The Fleet now lies strictly controlled with embankments between two docks and surrounded only by light industry. A painting from the 19th century shows a more rustic, even bucolic, place with folk having a nice family day out by the banks of the stream. I can't see that happening these days. I found a couple of other old paintings here.

Margot Juby took this

Just ignore this sign ...

MargotJuby  took this
And if you are a tad confused over the word fleet, here it means a creek not a collection of boats. In fact the Fisher Fleet is the mouth of the Gaywood river which flows with no great urgency for a few miles and empties into the Great Ouse here. So there you go, it's clear as mud ... There are other 'fleets' in and around Lynn, Millfleet and the Purfleet spring to mind.

Friday, 27 September 2019

Fleeting

Let's not have a sniffle, let's have a bloody-good cry
And always remember: The longer you live
The sooner you'll bloody-well die...

To King's Lynn for a funeral, at very nearly 90 years of age Fred Juby, Margot's old dad, just died while reading an Ian Rankin novel so he didn't miss much ... The service was a strange thing, though quite common these days, I'm told: a non religious event that nevertheless kept to the forms and structures of a religious service. So instead of hymns we had Glenn Miller's foot-tapping In the Mood, John Lennon's Imagine, instead of a prayer a poem (of excruciating banality) instead of a priest a 'humanist' person reading an obituary. I suppose we should mark these passages from life in some way but give me a good old burial in the deep clay complete, if need be, with "Man, that is born of a woman, hath but a short time to live, and is full of misery...He cometh up and is cut down like a flower ..." or better still just feed me to the crows rather than being shuffled off behind a purple curtain while Bud Flanagan sings the Dad's Army theme tune.

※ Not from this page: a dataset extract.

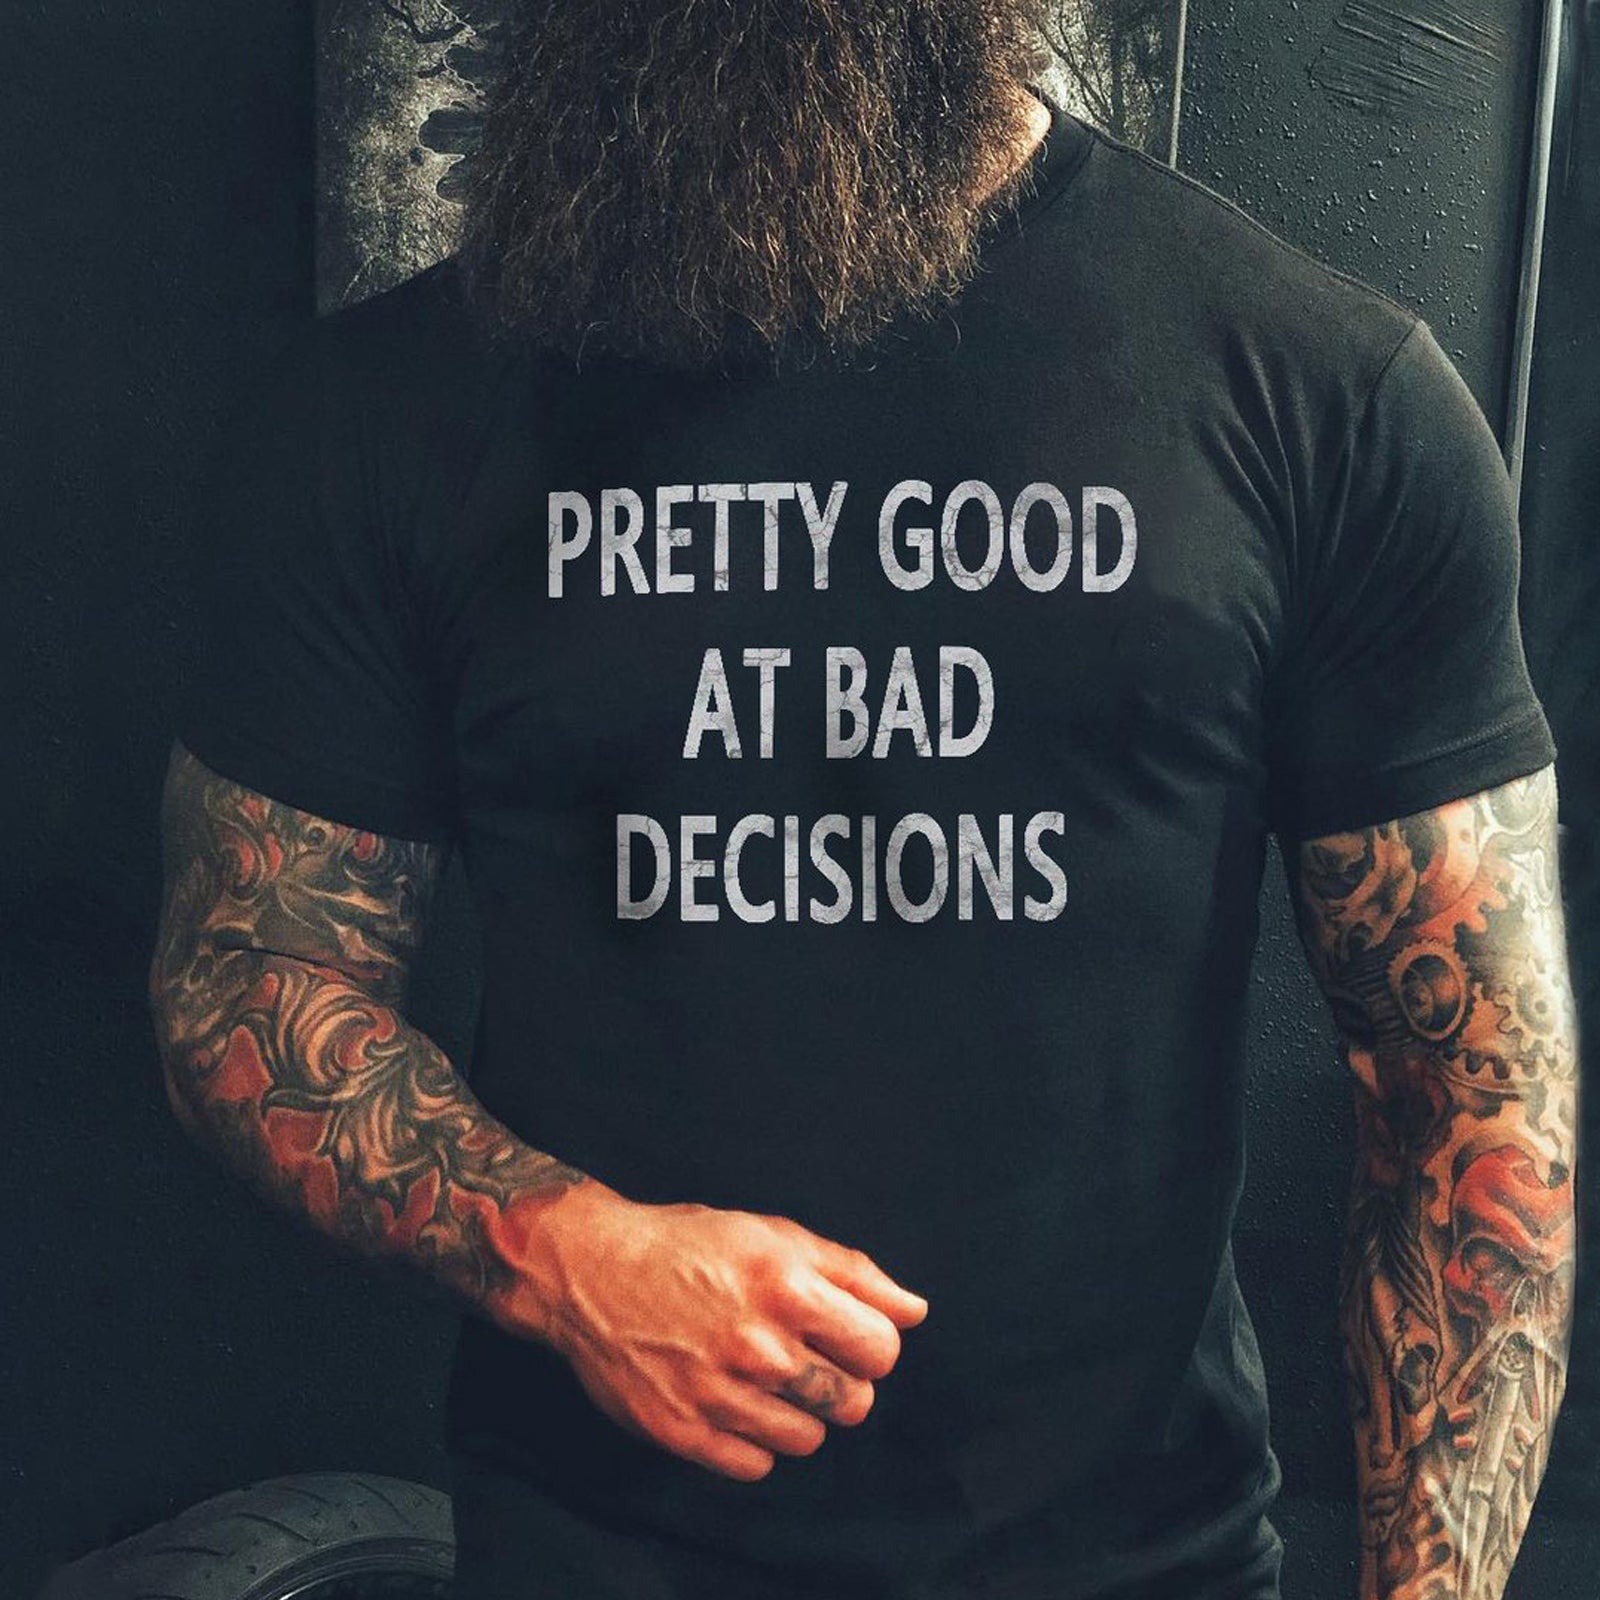 Livereid Pretty Good At Bad Decisions Letter Print T-Shirt - chicyea

So any way it was a good day especially as it wasn't my funeral and we got this grand old double rainbow stretching right across the town.

Wednesday, 18 September 2019

The Railway


This pub  in Cottingham has been closed since January and was only open for a few weeks over Xmas before that, the seasonal decorations are still up... Basically it's on its uppers and whoever owns it has decided enough is enough and has put in plans to erect "10 dwellings with associated access, parking, landscaping and infrastructure following demolition of hotel". You last saw this place way back in 2012 when it was positively blooming.